→ **AVAILABLE DATA**
=-=-=-=-=
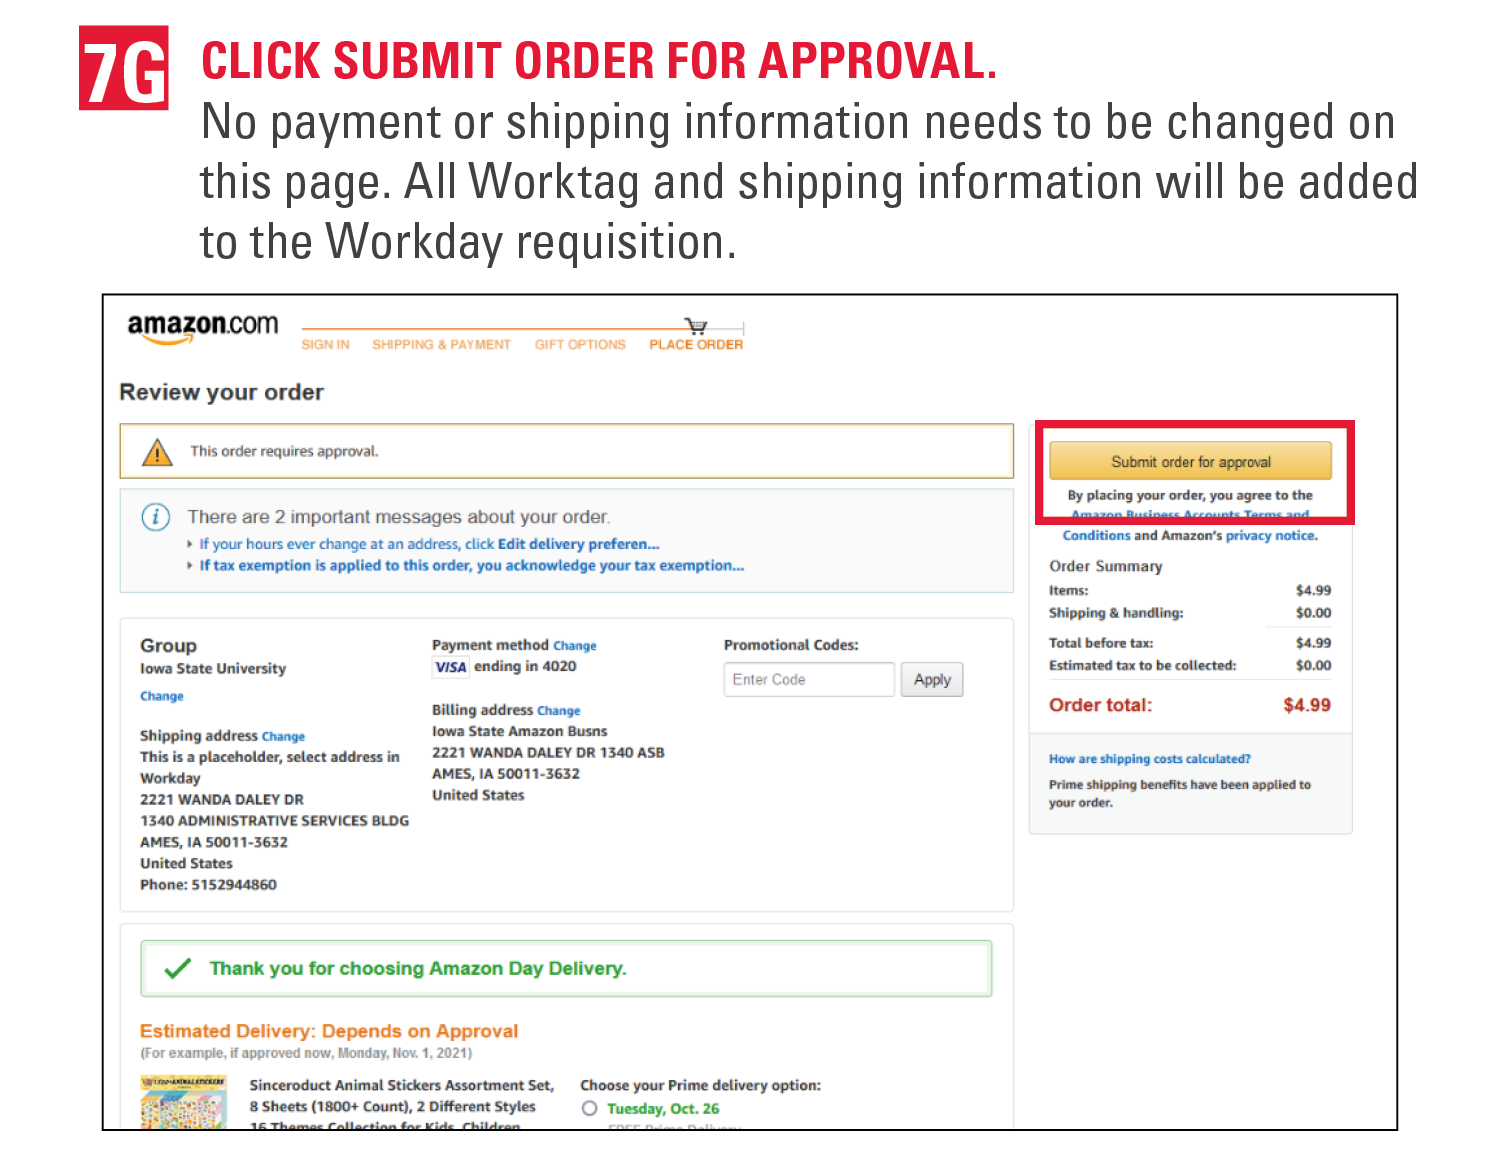 7g. Click submit order for approval. No payment or shipping information needs to be changed on this page. All Worktag and shipping information will be added to the Workday requisition.
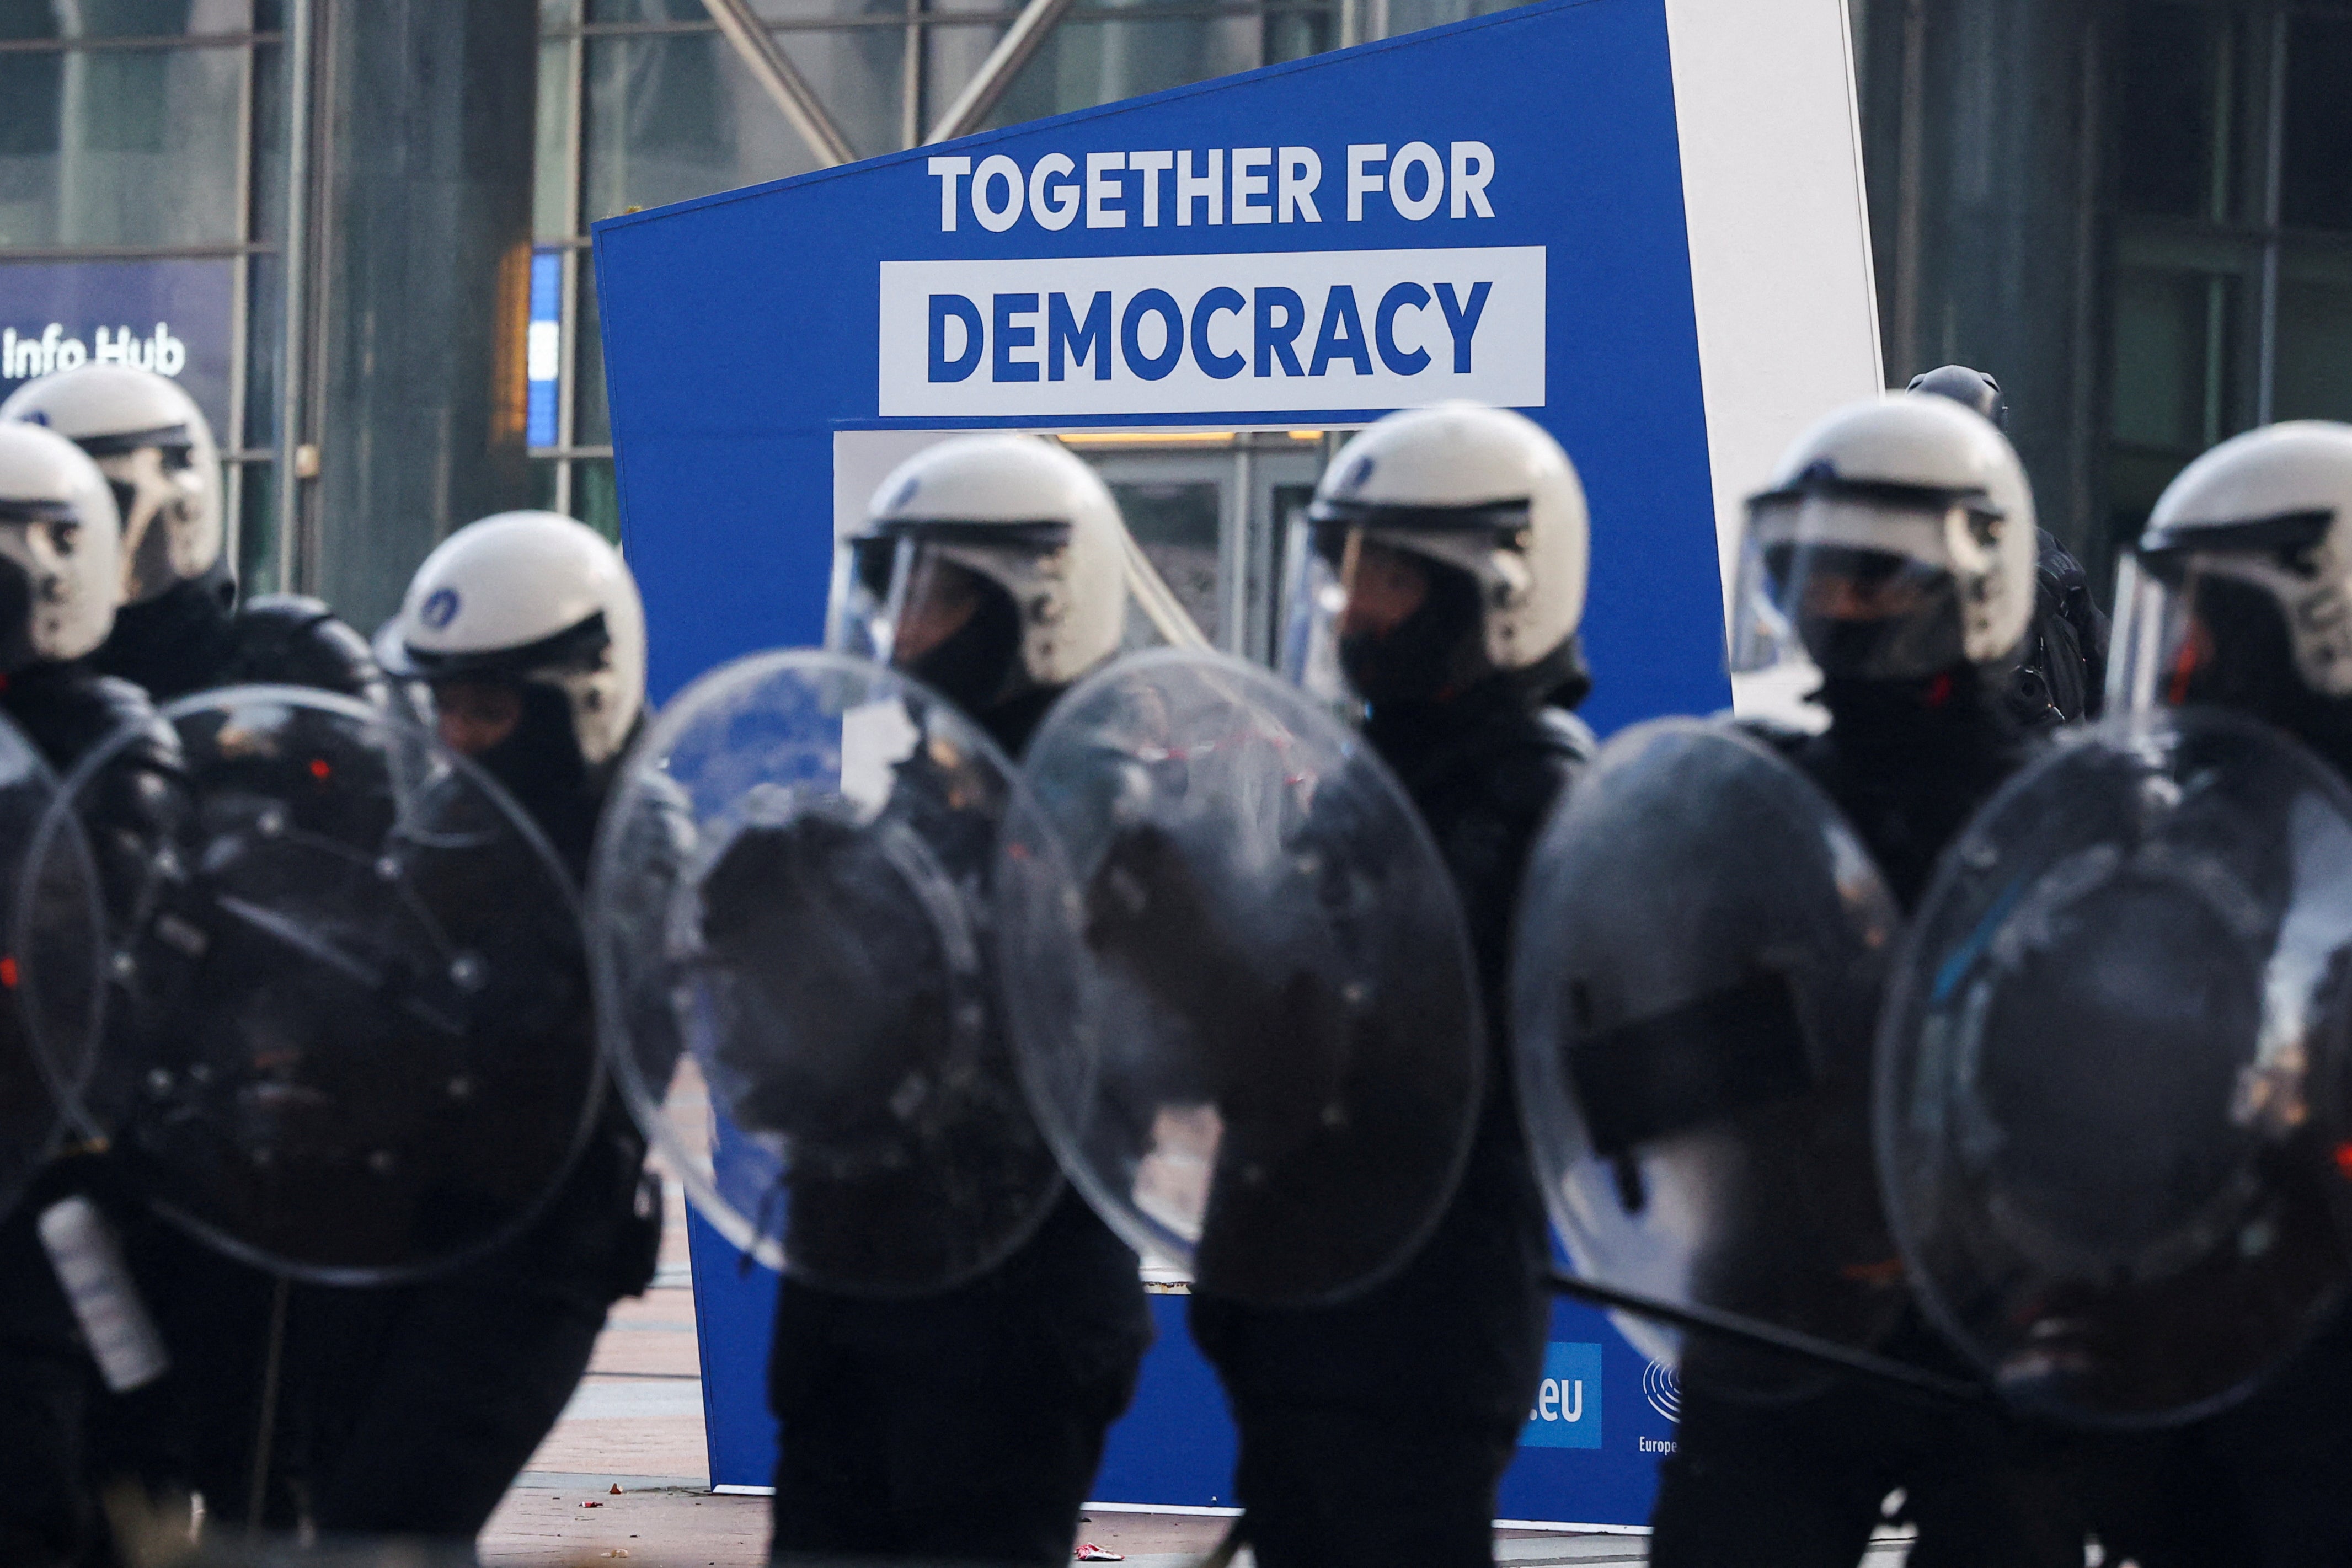 Police officers in riot gear stand guard in front of the European parliament
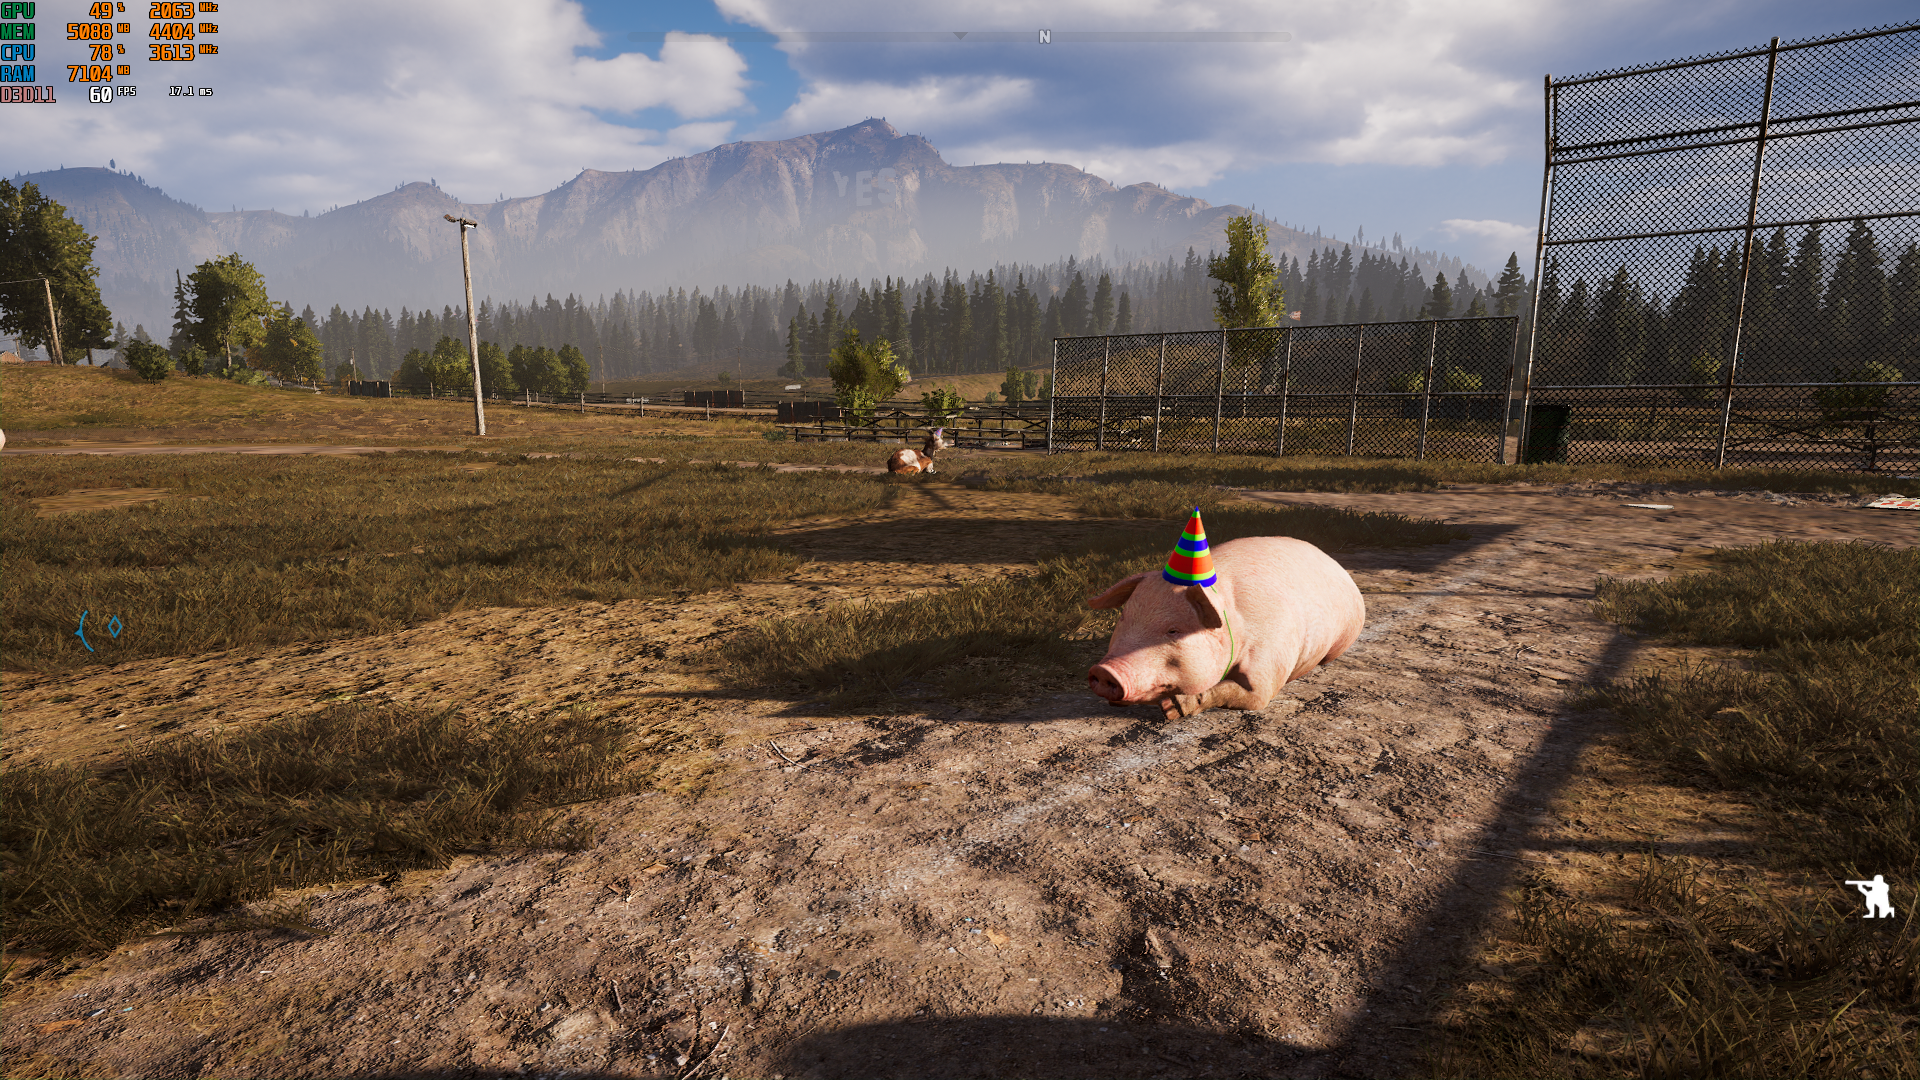 farcry5screenshot201803ppr.png
=-=-=-=-=
→ **TASK INSTRUCTIONS**
Write out the material above exactly; no pictures.

→ **ANSWER SPACE**
 7g. Click submit order for approval. No payment or shipping information needs to be changed on this page. All Worktag and shipping information will be added to the Workday requisition.
 Police officers in riot gear stand guard in front of the European parliament
 farcry5screenshot201803ppr.png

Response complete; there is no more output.